I have a Python Scraper that I run periodically in my free tier AWS EC2 instance using Cron that outputs a csv file every day containing around 4-5000 rows with 8 columns. I have been ssh-ing into it from my home Ubuntu OS and adding the new data to a SQLite database which I can then use to extract the data I want.
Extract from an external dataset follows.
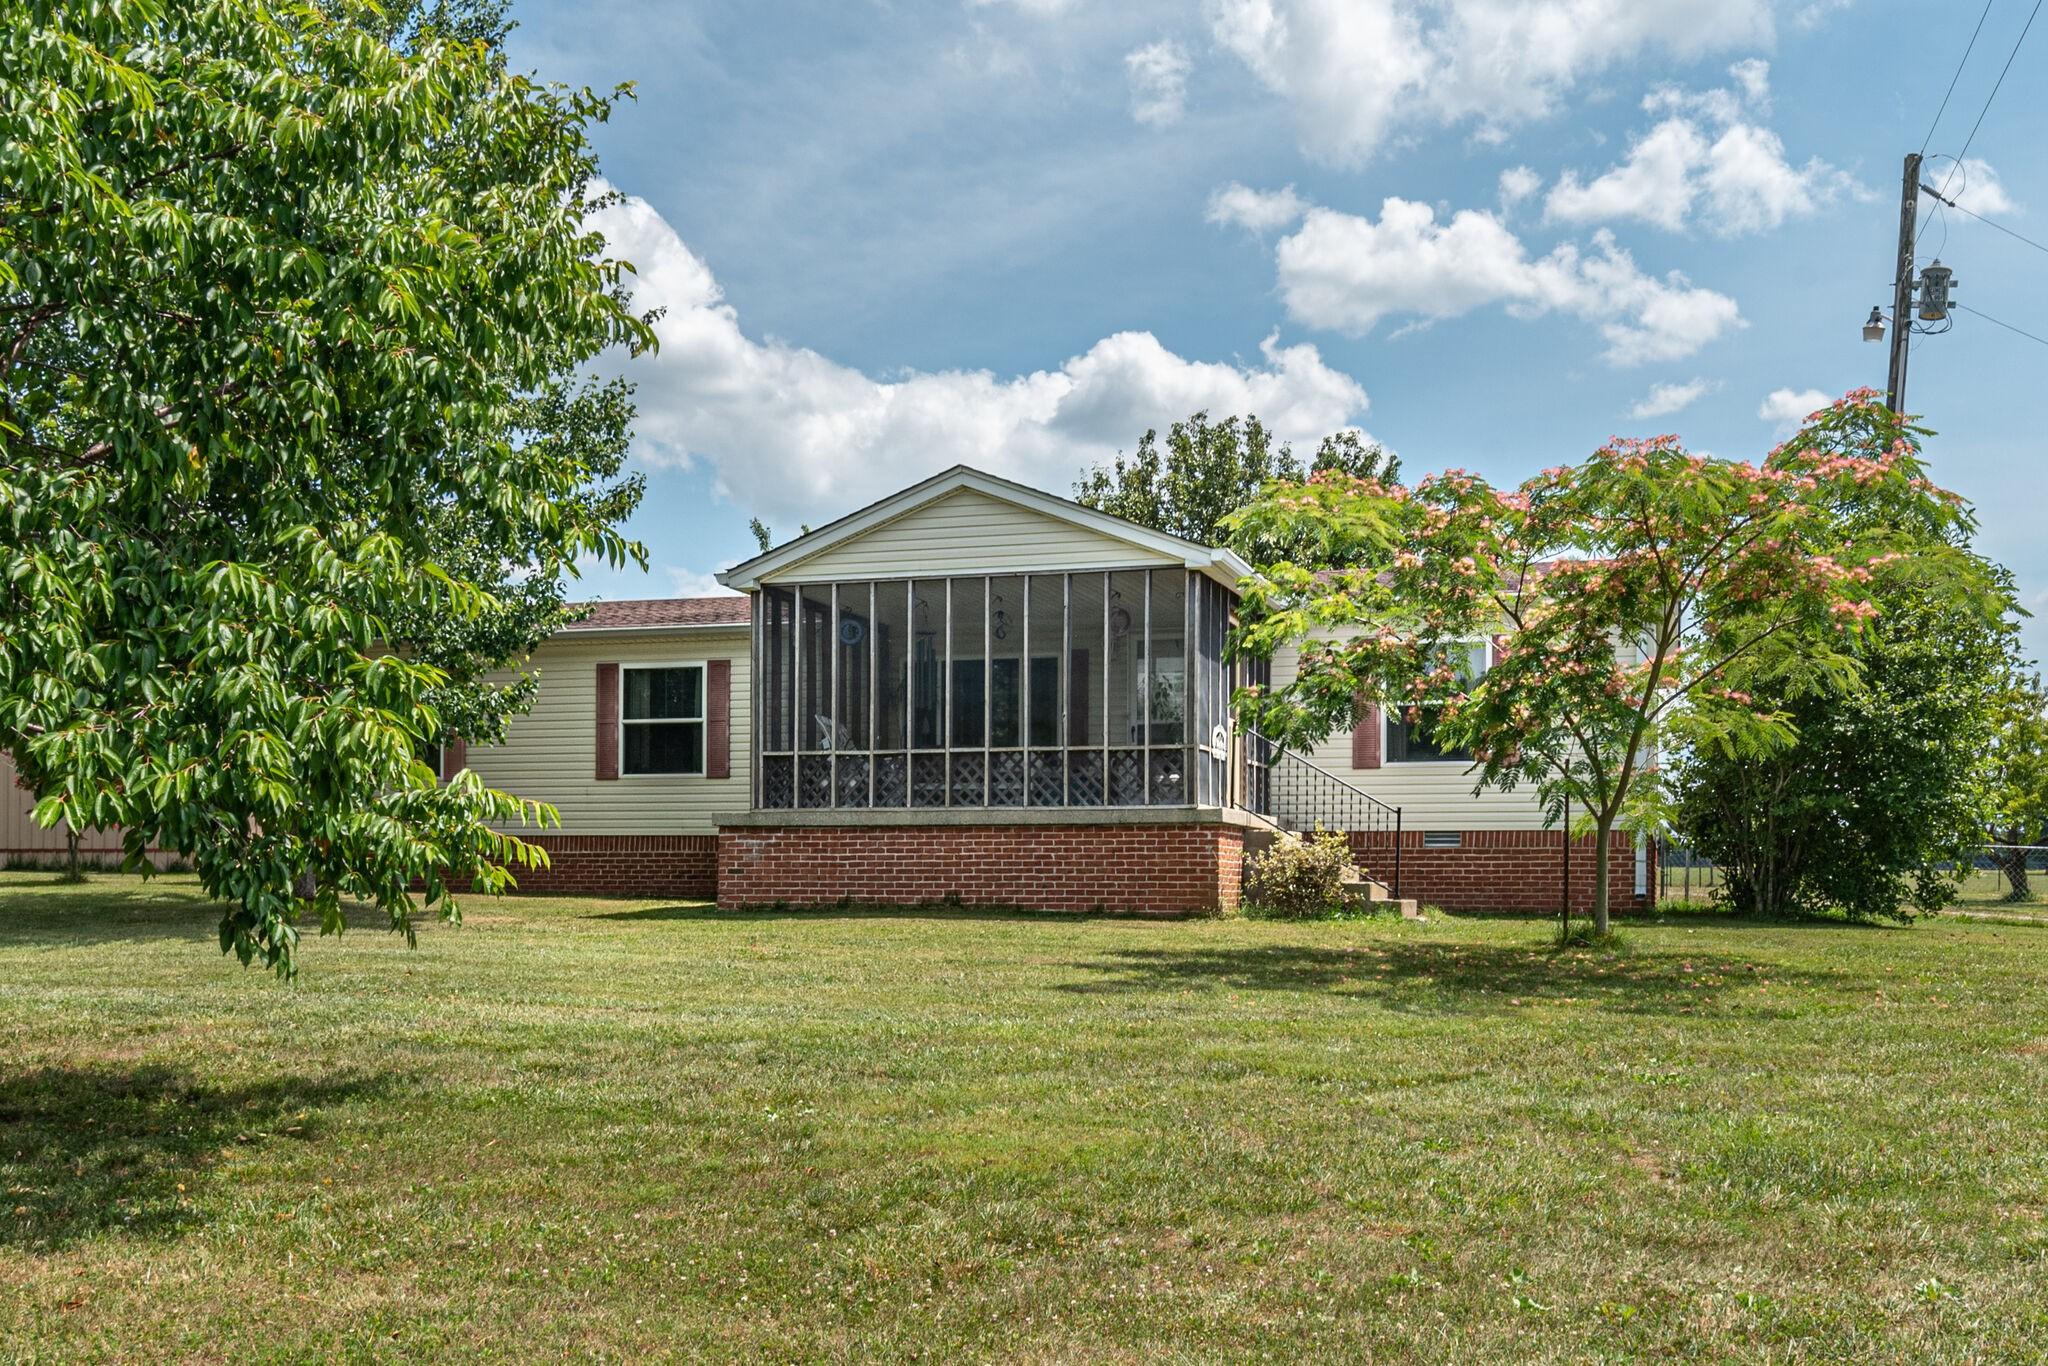 Ben Burnell Property Real Estate Listings Main Image

我有一个Python Scraper,我使用Cron在我的免费层AWS EC2实例中定期运行,每天输出一个包含大约4-5000行8列的csv文件。我一直在从我的家庭Ubuntu操作系统中删除它并将新数据添加到SQLite数据库中,然后我可以使用它来提取我想要的数据。
Now I would like to try the free tier AWS MySQL database so I can have the database in the Cloud and pull data from it from my terminal on my home PC. I have searched around and found no direct tutorial on how this could be done. It would be great if anyone that has done this could give me a conceptual idea of the steps I would need to take. Ideally I would like to automate the updating of the database as soon as my EC2 instance updates with a new csv table. I can do all the de-duping once the table is in the aws MySQL database.
现在我想尝试免费的AWS MySQL数据库,这样我就可以在云端拥有数据库,并从家用PC上的终端中提取数据。我四处搜索,没有找到关于如何做到这一点的直接教程。如果有人这样做可以让我对我需要采取的步骤有一个概念性的想法,那就太好了。理想情况下,一旦我的EC2实例使用新的csv表更新,我想自动更新数据库。一旦表在aws MySQL数据库中,我就可以完成所有的重复数据删除。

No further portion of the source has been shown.